Umre An(ı)ları
Umre, ömürde bir kez yapılması Hanefi ve Maliki mezhebine göre müekked sünnet, Şafii ve Hanbeli mezhebine göre ise farz olan bir ibadettir. Lügatta ‘ziyaret etmek’ anlamına gelen “umre” kelimesi, “ömür”, “imar” ve “tamir” kelimeleriyle aynı kökten geldiği için, ‘ömrümüze ömür kattığımız, hatalı ve kusurlu yanlarımızı tamir edip onardığımız ve adeta yeniden dirildiğimiz’ heyecan verici muhteşem bir ibadet olarak da tarif edilebilir.
Peygamber Efendimizin (s.a) örneklediği gibi, Kâbe’ye doğru yola çıktıkları istikametlere göre farklı mikat mahallerinde ihrama girerek umreye niyet eden Müslümanlar Kâbe’ye varıncaya kadar hep birlikte ve yüksek sesle telbiye getirirler: “Lebbeyk Allahümme lebbeyk, lebbeyke lâ şerîke leke lebbeyk, inne’l-hamde ve’n-ni’mete leke ve’l-mülk, lâ şerîke lek.” (Buyur Allah’ım, buyur! İşte buradayım buyur! Senin ortağın yoktur. Buyur buradayım. Şüphe yok ki hamd, nimet ve mülk Senindir.
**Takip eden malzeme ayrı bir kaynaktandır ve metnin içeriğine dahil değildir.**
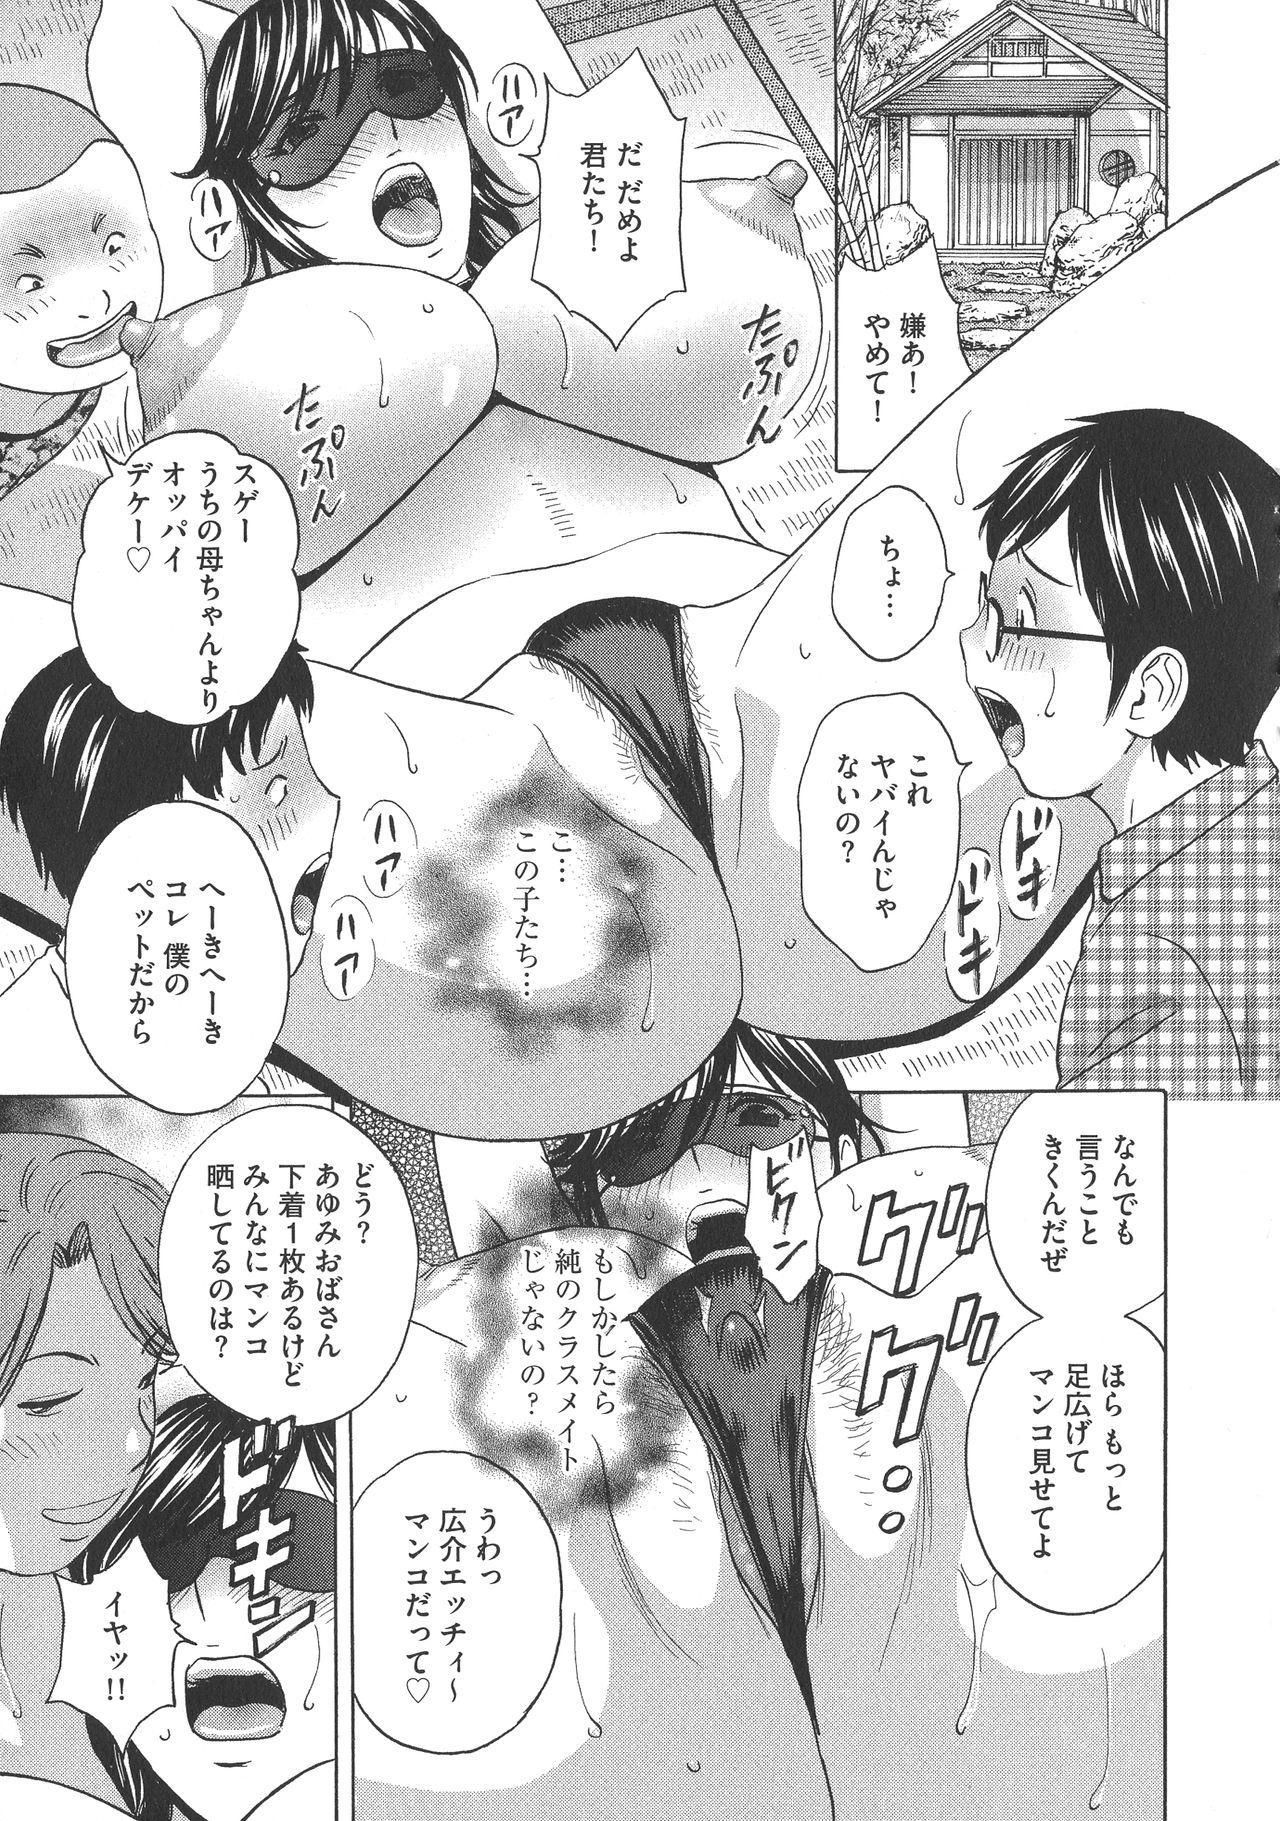 Chijoku ni Modaeru Haha no Chichi… 58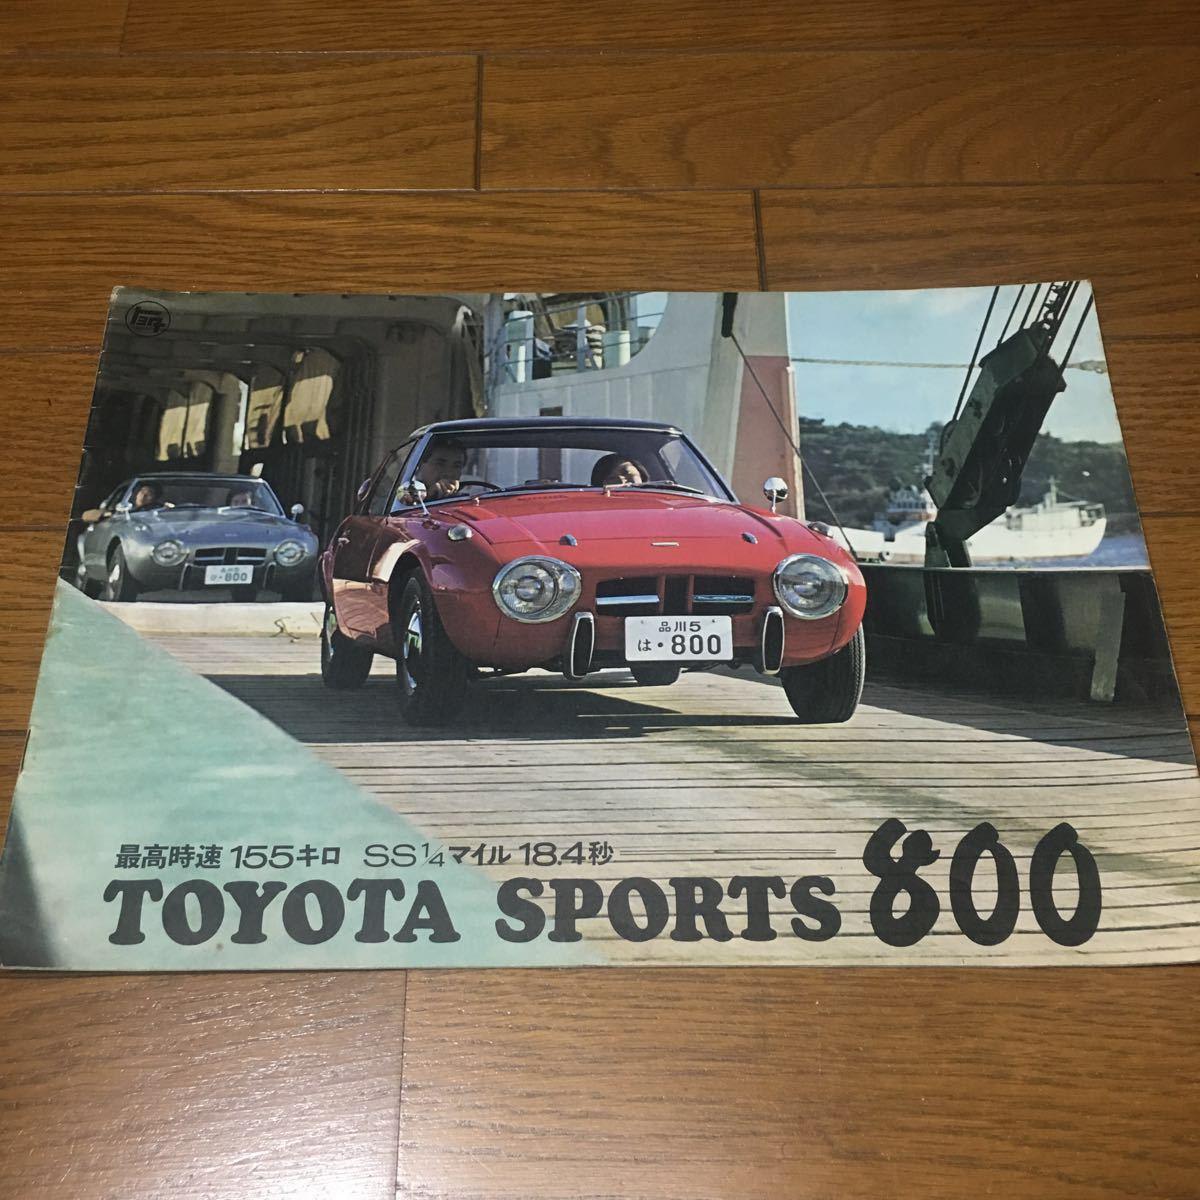 復刻版ではございません 絶版 旧車カタログ トヨタ スポーツ800 ヨタハチ 当時物 昭和 希少 貴重 美品

Senin ortağın yoktur.) Bembeyaz ihramlarıyla (hanımlar normal elbise giyerler) bu dünyaya ait etnik, sosyal ve sınıfsal farklılıkları terkeden mümin kullar, Kâbe’nin etrafında yedi defa dönerek (her bir dönüşe şaft denir) tavaf eder, ardından “Allah’ın şiarları” (Bakara 2/158) olan Safa ve Merve tepeleri arasında yedi defa gidip-gelerek sa’y yaparlar, sonra da tıraş olup ihramdan çıkarak umre ibadetini tamamlamış olurlar.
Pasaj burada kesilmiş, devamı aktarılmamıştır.